To rigorously assess Balefire’s performance, we established two benchmarks using video footage from all deployment locations. These benchmarks utilized three main performance metrics — accuracy, precision, and our newly defined strict precision — to evaluate and compare the efficacy of Balefire across its three iterations and various experimental modifications. This comprehensive approach has been instrumental in refining Balefire’s capabilities and ensuring its operational effectiveness for NEA.
Lessons Learned
Some valuable non-technical lessons that I have learnt from working on Balefire include:
- Revisiting Old Solutions: Previously discarded ideas should be reassessed from time to time, as they might offer unexpected benefits in a different context. For instance, the reidentification model was initially set aside after not working well together with the object tracker for real-time tracking. In subsequent iterations, I tried reintegrating this model from another perspective, and this resulted in a significant improvement in Balefire’s performance.
- The Swiss Cheese Approach: For Balefire, we embraced the Swiss Cheese Model of Risk, a concept traditionally used in risk management and safety engineering. This model visualizes a system’s defenses as layers of Swiss cheese, where each layer represents a safeguard, and the holes symbolize potential failures or weaknesses. The key is that the weaknesses in one layer are covered by another, reducing errors overall.

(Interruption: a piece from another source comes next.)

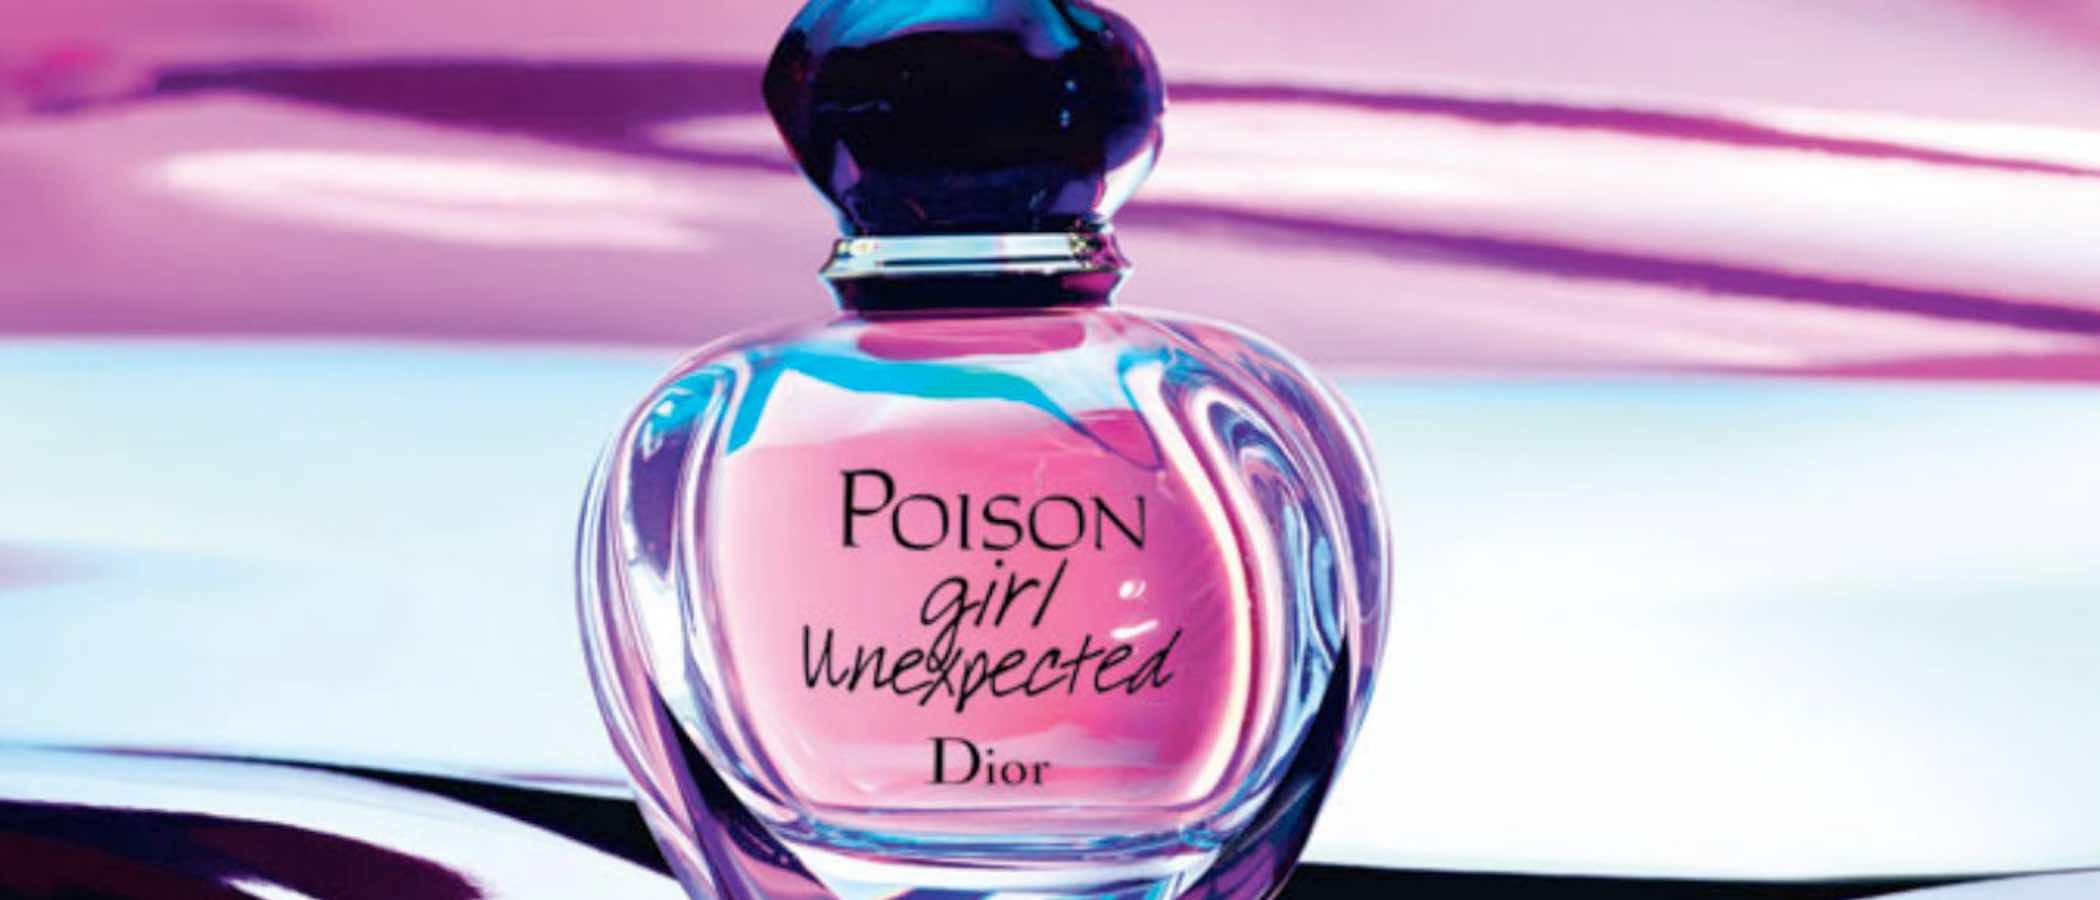 Dior lanza una reedición de 'Poison Girl' más fresca y chispeante: 'Poison Girl Unexpected'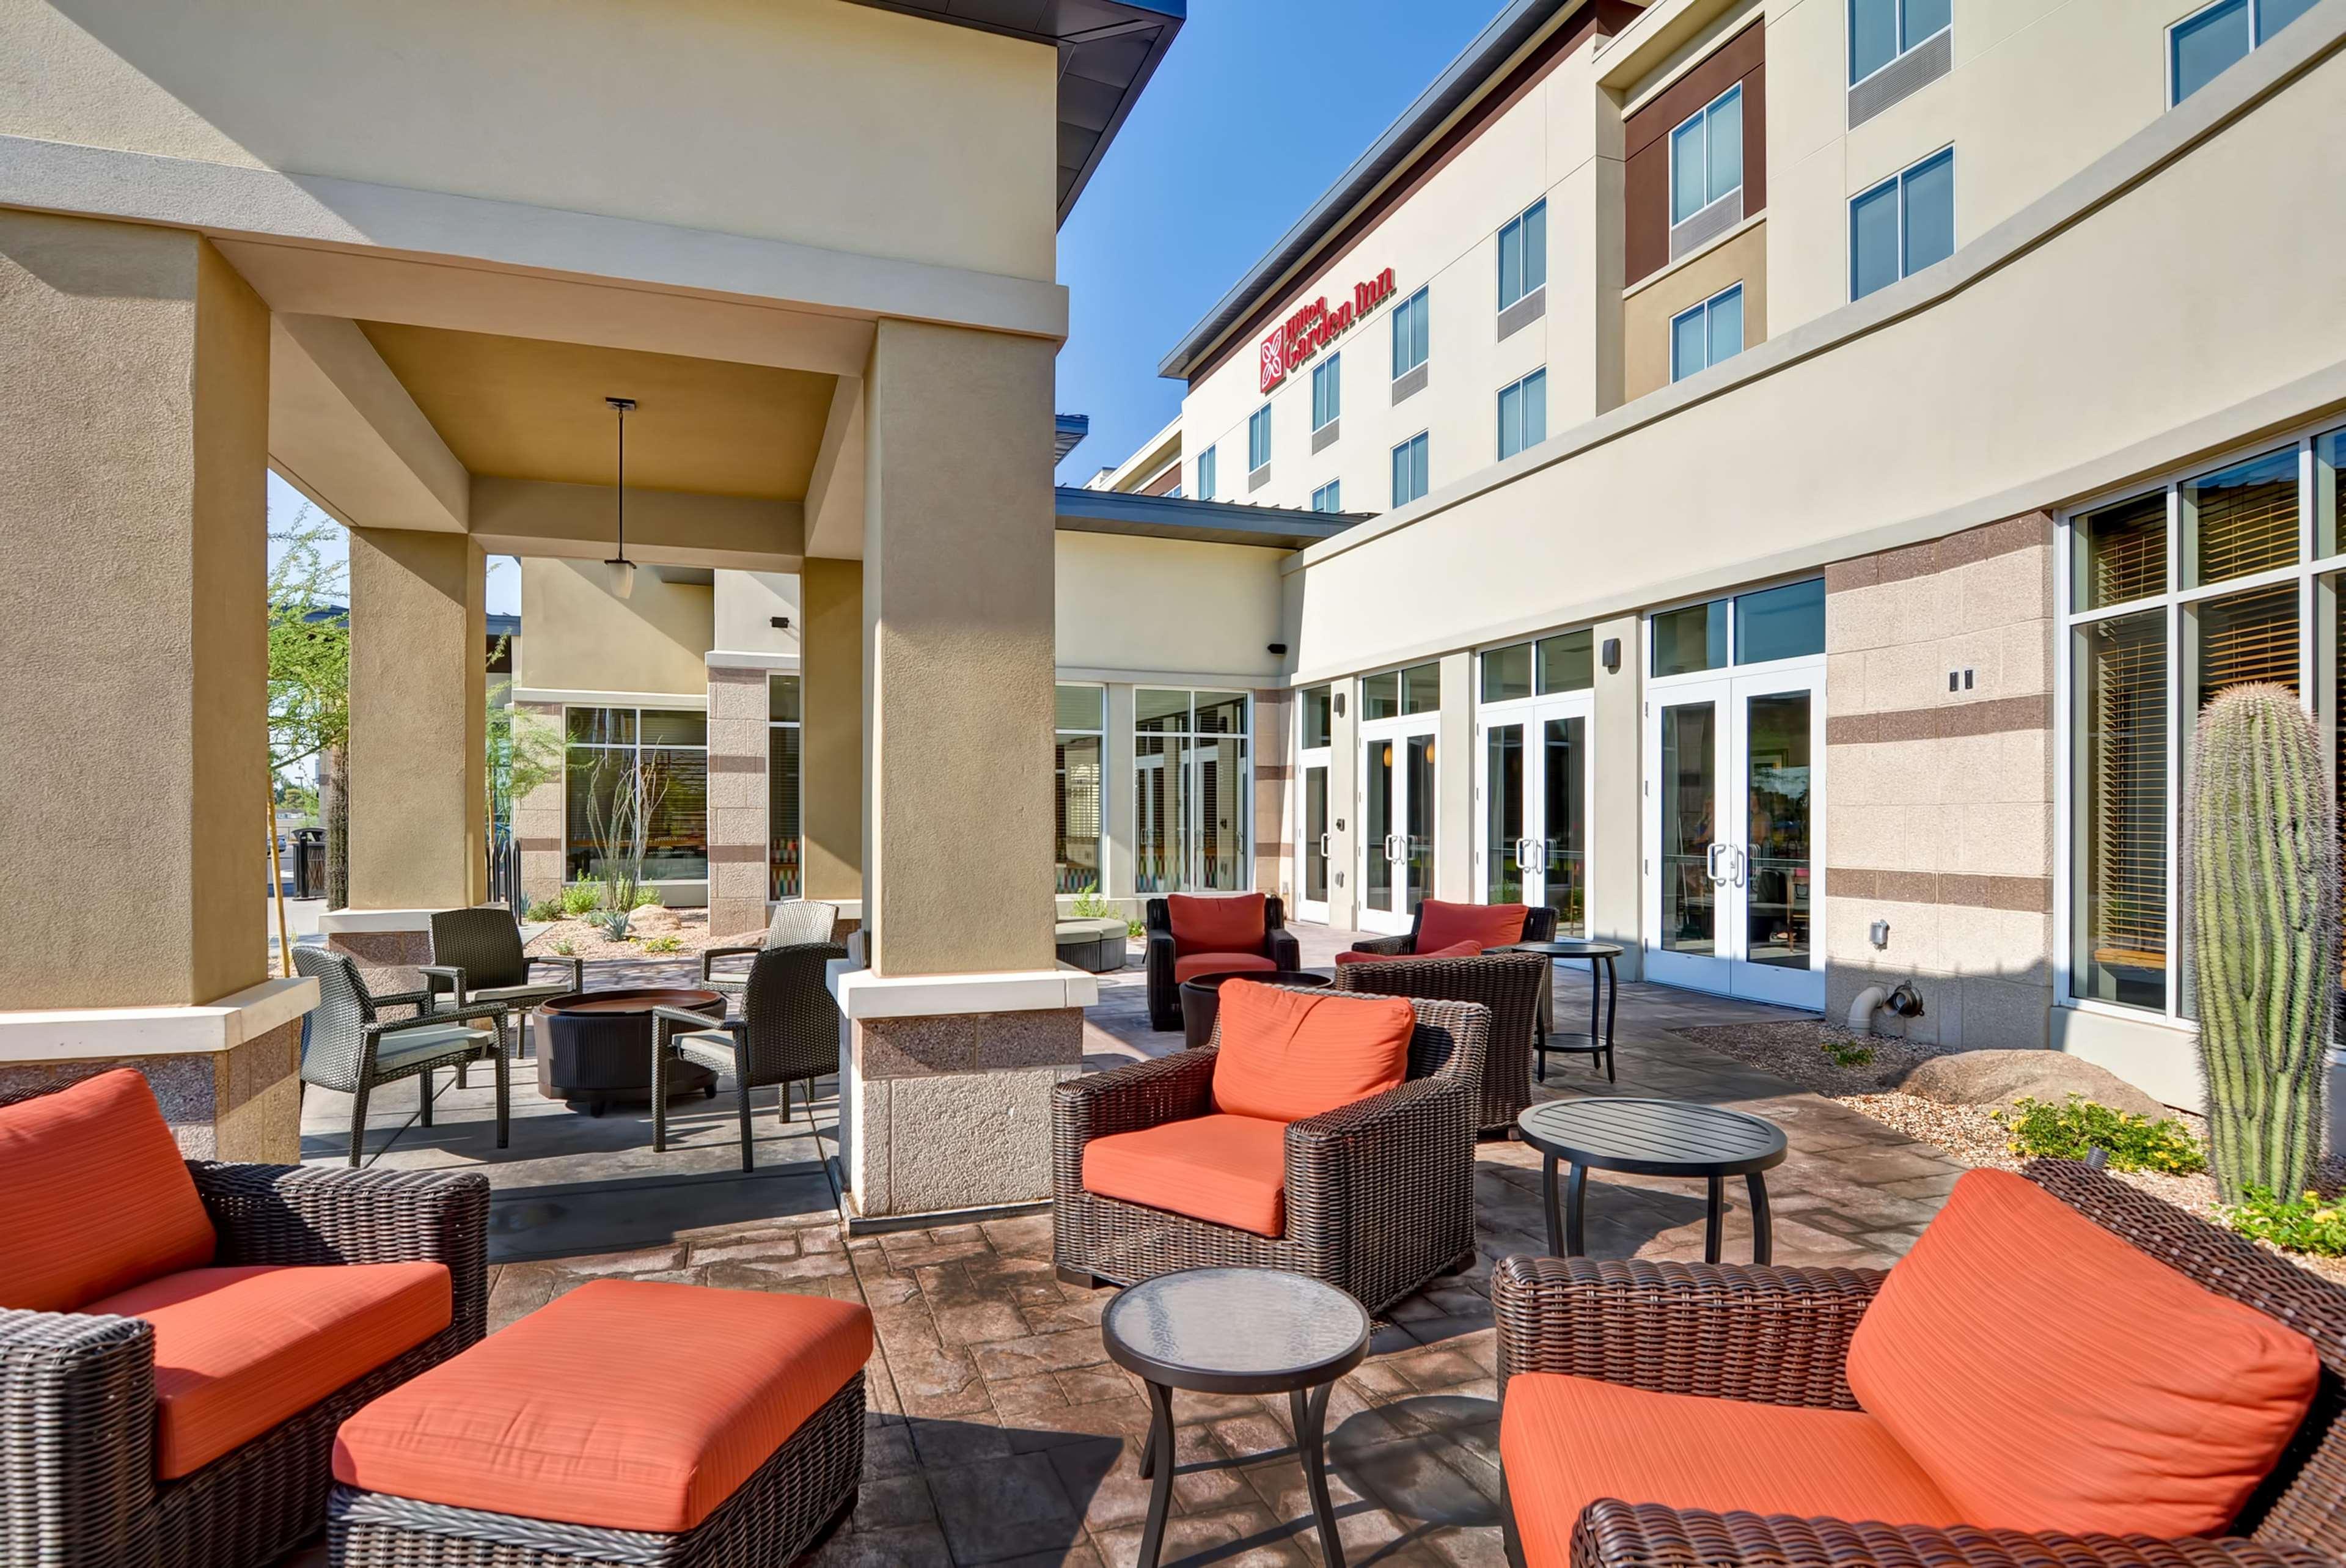 Hilton Garden Inn Phoenix/Tempe ASU Area

- Reality Check on Academic Benchmarks: New model releases, while impressive on research benchmarks, often fall short in real-world applications as these benchmarks often do not adequately represent the challenges and nuances that can arise in practical settings. There needs to be real-world, context-specific internal benchmarks developed to properly evaluate experiments.
- Resourcefulness and Pragmatism: Innovation doesn’t always mean inventing something entirely new. Often, the most efficient solutions come from creatively using existing resources and technologies. It’s crucial, however, to be mindful of legal aspects like software licenses when utilizing available tools.
These insights are often reiterated by many AI practitioners but only become profoundly meaningful when experienced firsthand.
Conclusion
Deploying complex AI systems at the edge, as we do at DSAID, presents a unique set of challenges and opportunities distinct from traditional cloud-based solutions. Edge computing, characterized by its limited computational capacity compared to cloud environments, necessitates a fundamentally different approach to AI algorithm optimization. The evolution of the Balefire project underlines the importance of a tailored approach to edge AI deployment. This project has shown how technical expertise must be integrated with a profound understanding of the specific operational needs. In the case of NEA’s requirements, it was evident that off-the-shelf models were insufficient, leading us to develop bespoke solutions that precisely addressed the unique challenges at hand.
Looking ahead, the future of edge AI remains vibrant. With recent developments like the impressive benchmark results achieved by vision models on the Raspberry Pi 5, and the substantially enhanced capabilities of the Jetson Orin platform, the field of edge AI is at the forefront of technological innovation. These advancements open a plethora of exciting possibilities for us at DSAID. From enhancing public service delivery to exploring new realms of AI applications, the future of edge AI is replete with opportunities for groundbreaking tech for public good.